On Thursday, the Center for Strategic & International Studies hosted a discussion on “Domestic and External Threats to the Euromaidan Revolutionaries in Ukraine.” Taras Kuzio, Senior Research Associate at the Canadian Institute of Ukrainian Studies at University of Alberta as well as a non-resident Fellow at SAIS’s Center for Transatlantic Relations, gave a presentation centered on his new book, Ukraine: Democratization, Corruption, and the New Russian Imperialism. The discussion was moderated by Jeffrey Mankoff, acting director and senior fellow at CSIS’s Russia and Eurasia Program.

As Russia has expanded its intervention in Syria, Western attention to the conflict in Ukraine’s eastern Donbas region has waned. Kuzio’s book presents an in-depth analysis of economic, governance, and rule of law issues in Ukraine grounded in historical perspective concerning the country’s relationship with Russia. Kuzio starts with Stalin’s death in 1953, traces socialization of new Ukrainian elites in the 60s-80s, and describes the disappointments of the late 80s, which would lead to independence in 1991. There are many marked continuities over the past 20 years between the 2013/14 Euromaidan demonstrations, the Orange Revolution of 2004, and independence.

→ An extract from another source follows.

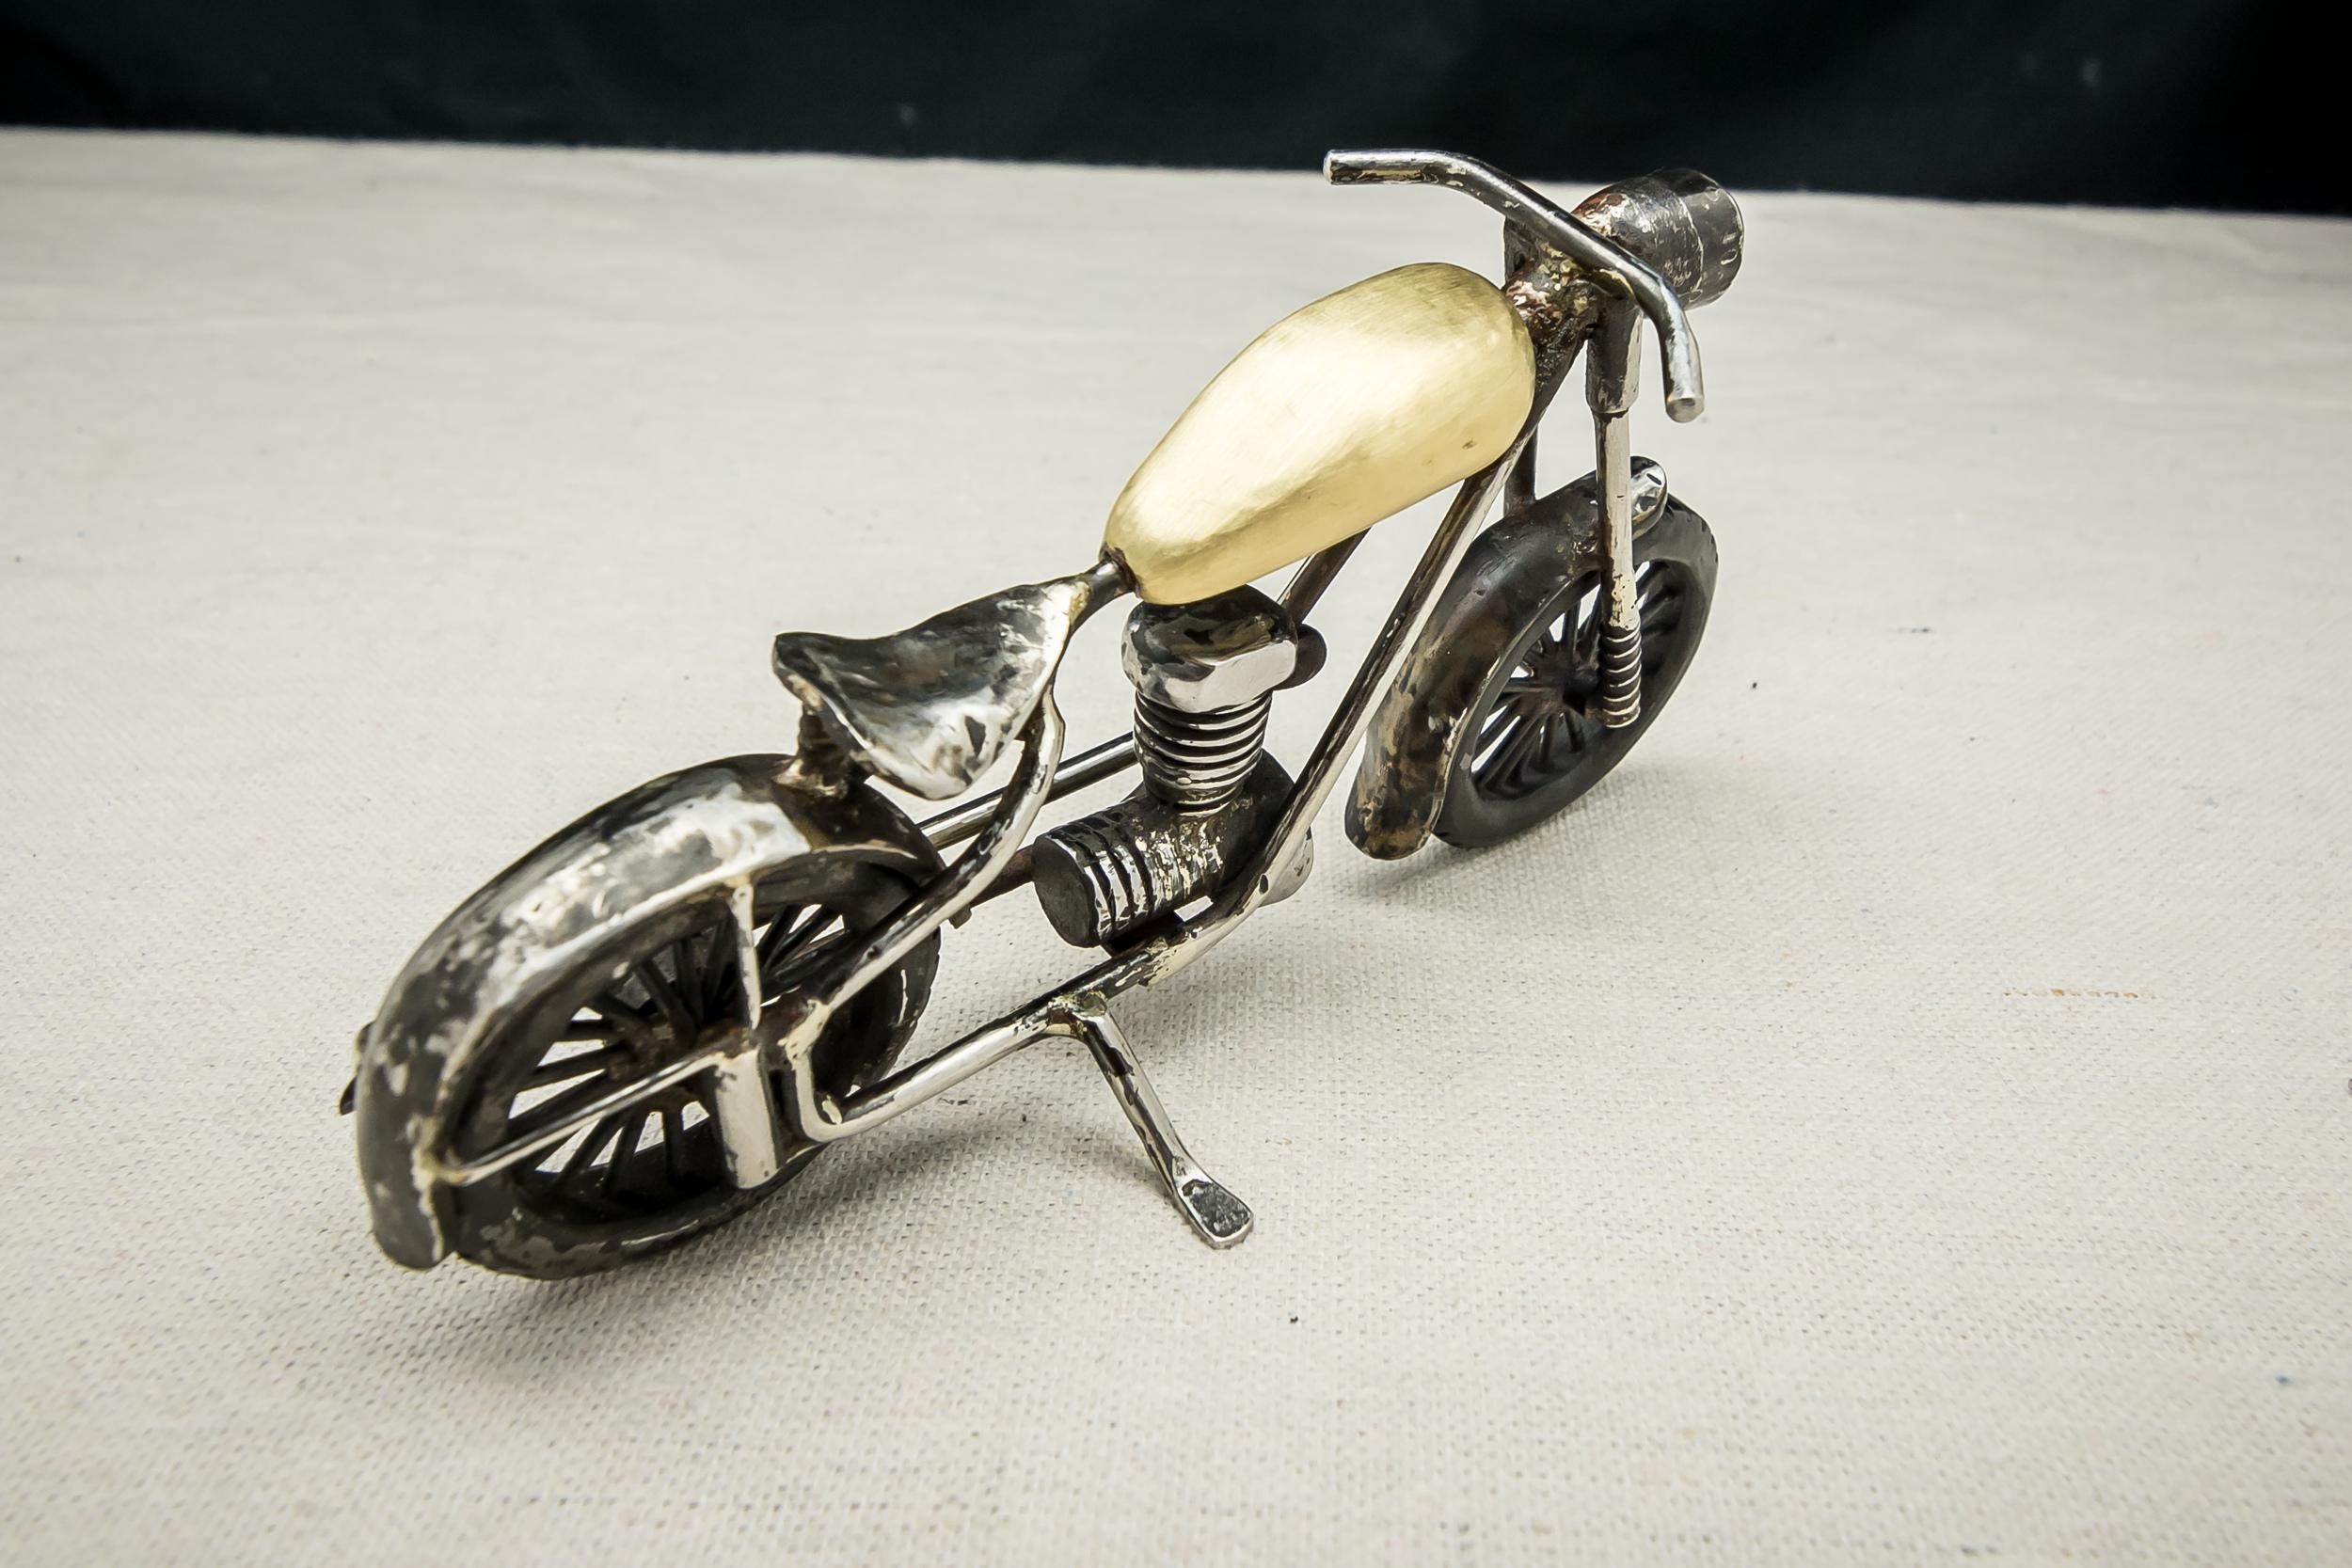 Vintage Motorcycle-12.jpg

The Euromaidan revolutionaries’ face serious challenges:

  • Rotating elites have dominated the government for the past 20 years (current president Poroshenko included);
  • Disgruntled masses use anti-elite populist rhetoric;
  • There are no real political parties;
  • The judicial system rewards criminal activity;
  • Oligarchs rule the slow-growing economy;
  • The middle class is small;
  • The shadow economy is large – up to 50% of Ukraine’s GDP.

These factors hamper reform. US and EU efforts to promote it have not been focused on the right things. The disgruntled public supports only some of the necessary economic, fiscal, and energy reforms because they would also lead, for example, to higher utilities bills for citizens.

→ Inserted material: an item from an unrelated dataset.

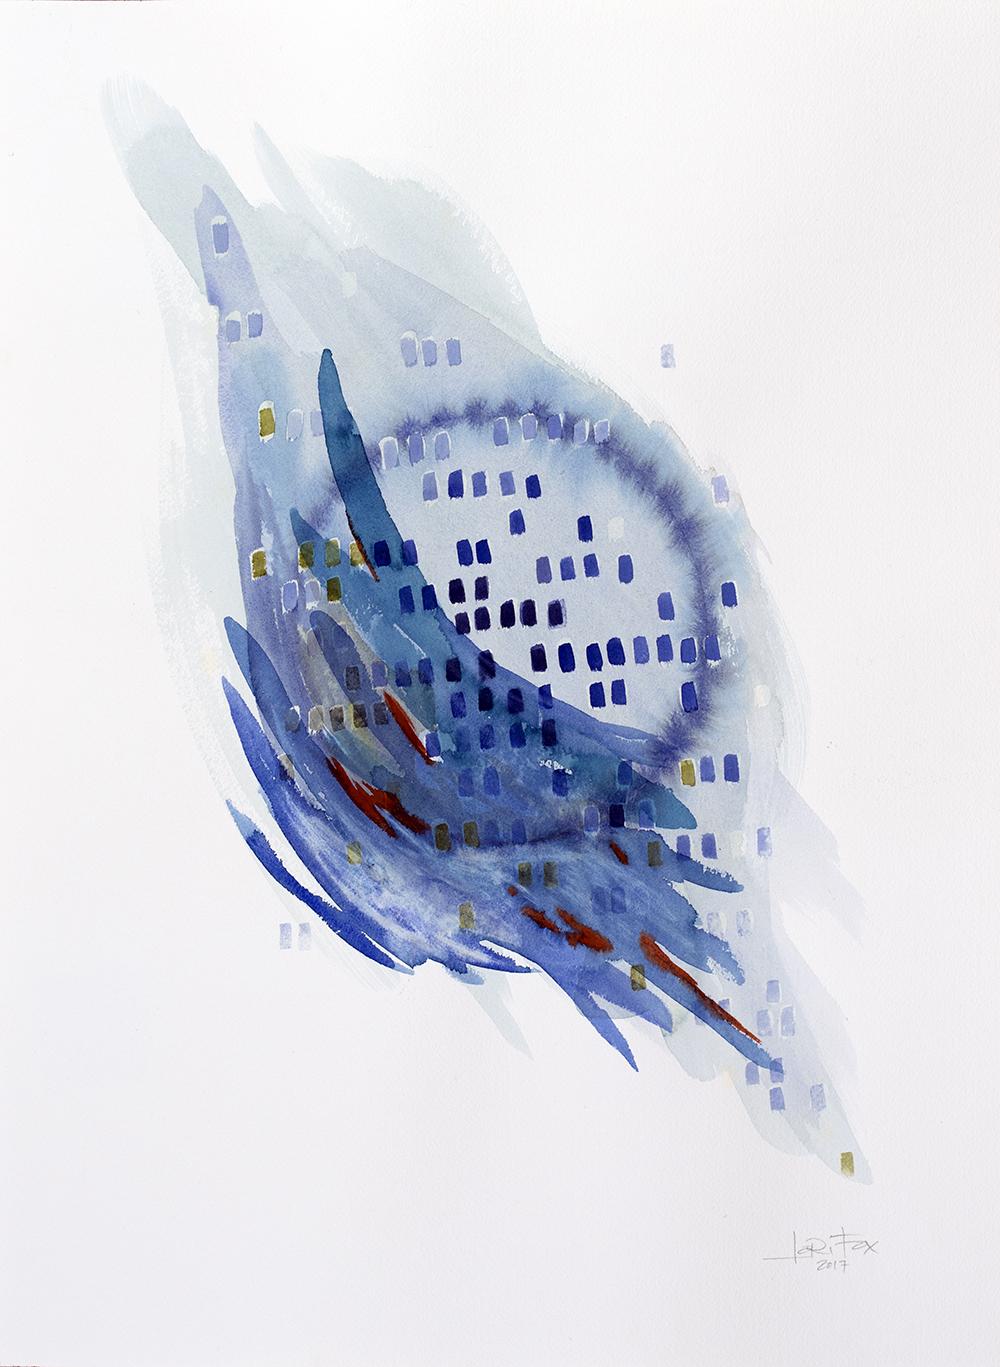 Blue Flow, 2017
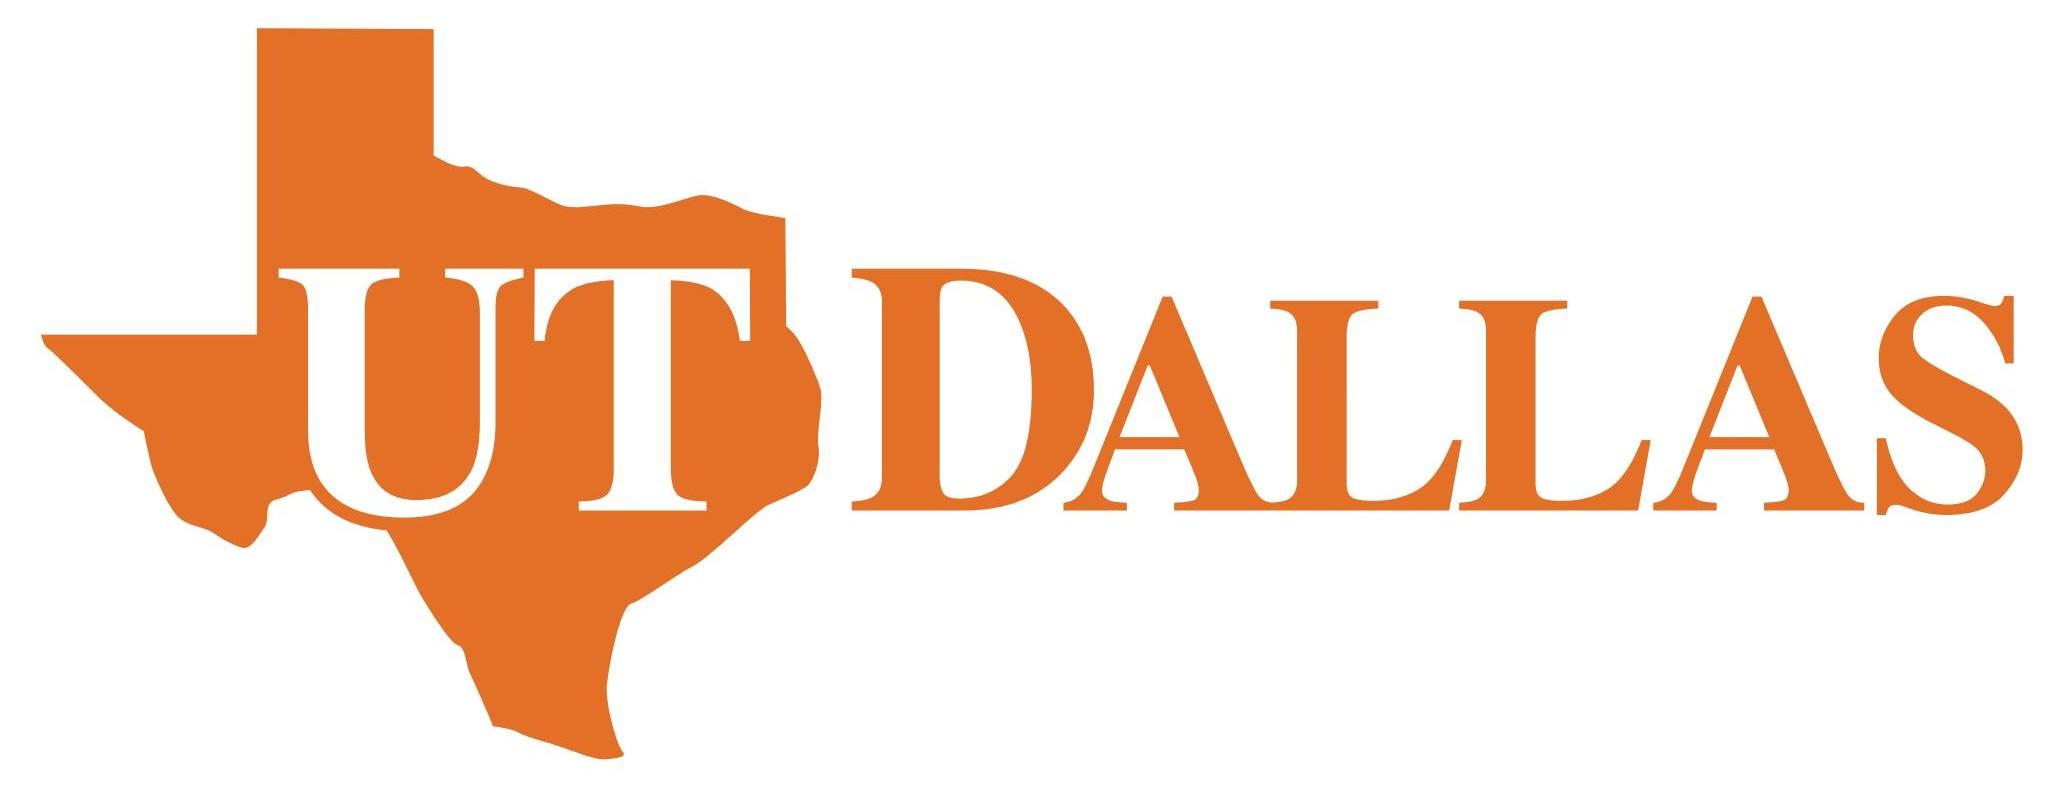 ut-dallas-logo.jpg

The issue of oligarchs, corruption, and static elites is central. President Poroshenko himself has been a significant business figure, and oligarchs in general have many ties to power, including owning large television channels that often guide political support and mobilization. What is needed are strong messages in favor of judicial and anti-corruption reform. Oligarchs and corrupt officials should go to prison for their crimes, but the route to this cannot be internal. The current Prosecutor’s Office is one of the most significant sources of corruption in Ukraine today. It protects elites. The fact that Poroshenko – and other leaders before him – not only has not disbanded it, but appointed two incompetent heads, is worrying. Western European countries have often been a safe haven for oligarchs, financially and sometimes politically.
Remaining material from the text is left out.